Is this consistent with current technical training? Is reliance upon a buddy's gas supply considered sufficient redundancy in this sort of situation? Based on training guidelines, would this be OK with a buddy and maybe not OK while solo diving?

Do the technical dive courses discuss this sort of thing or is it left to the discretion of the instructor or the diver?
 
I also heard a CCR instructor (unit and instructor deliberately not mentioned here) who advocates not carrying a bail-out since "his" unit never floods and (in his mind) there is no other reason why one need to bail-out.

Just because one is an instructor or other 'dive god', does not mean they have smarts and/or common sense.

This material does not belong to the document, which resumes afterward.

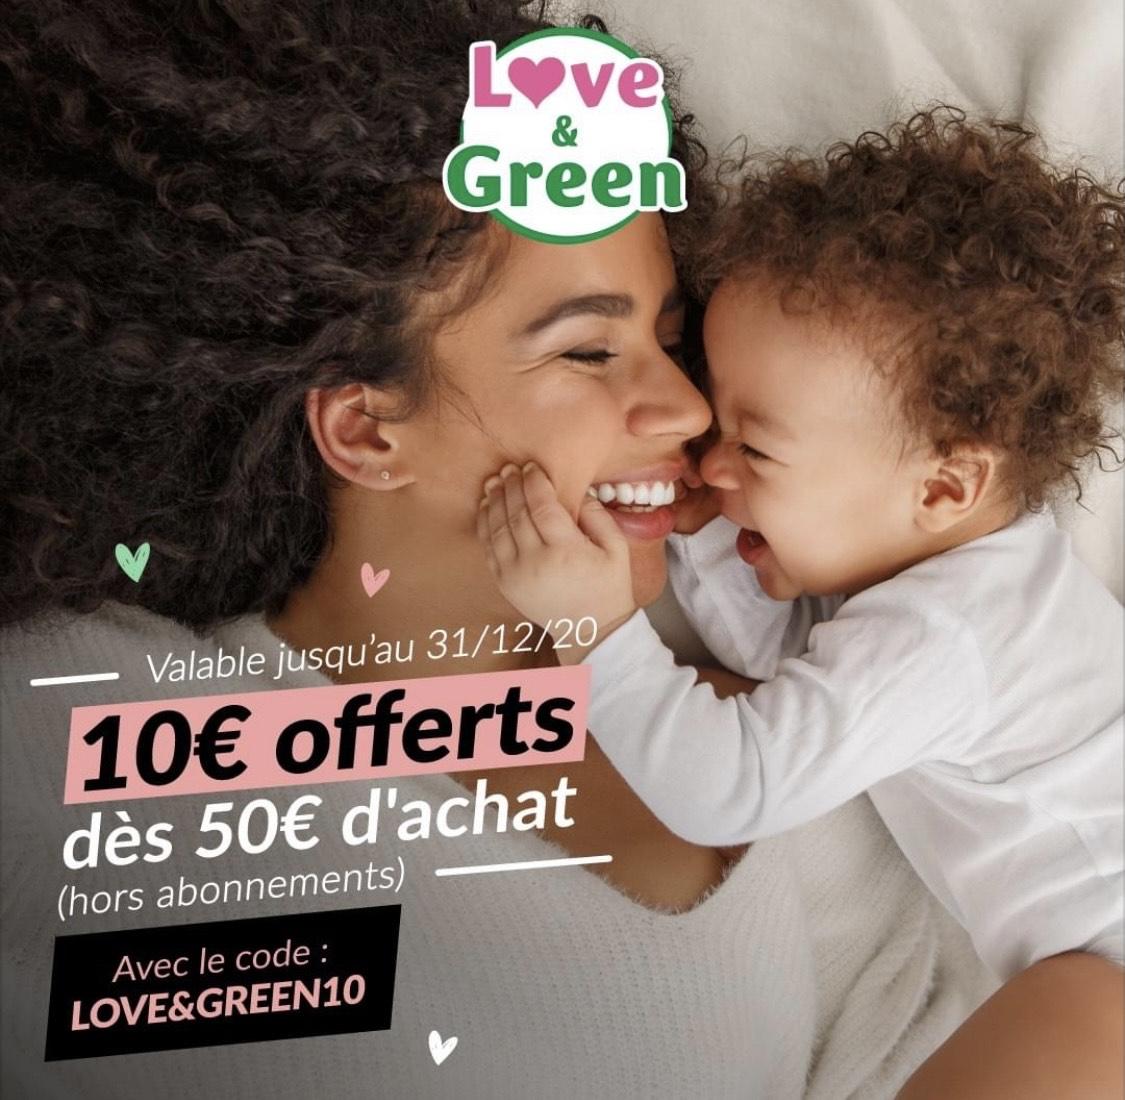 10€ de réduction dès 50€ d'achat (hors abonnement, loveandgreen.fr)

My question to you is, what do YOU think? Obviously it caused you enough head scratching to ask this question here.

C
 
Do the technical dive courses discuss this sort of thing or is it left to the discretion of the instructor or the diver?

I'm qualified (and teach for) several technical diving agencies... and have studied the relevant materials of numerous other agencies.

As far as I'm aware, the issue of redundancy is clearly defined in those materials and associated teaching.

If we can agree that technical diving isn't defined by parameters of the dives undertaken, but rather by the approach used to conduct those dives; then planning and doing dives without redundant individual life-support isn't technical diving at all... it's just recreational diving.

The prudence of conducting moderate decompression on recreational dives is a whole other debate...
 
I'm qualified (and teach for) several technical diving agencies... and have studied the relevant materials of numerous other agencies.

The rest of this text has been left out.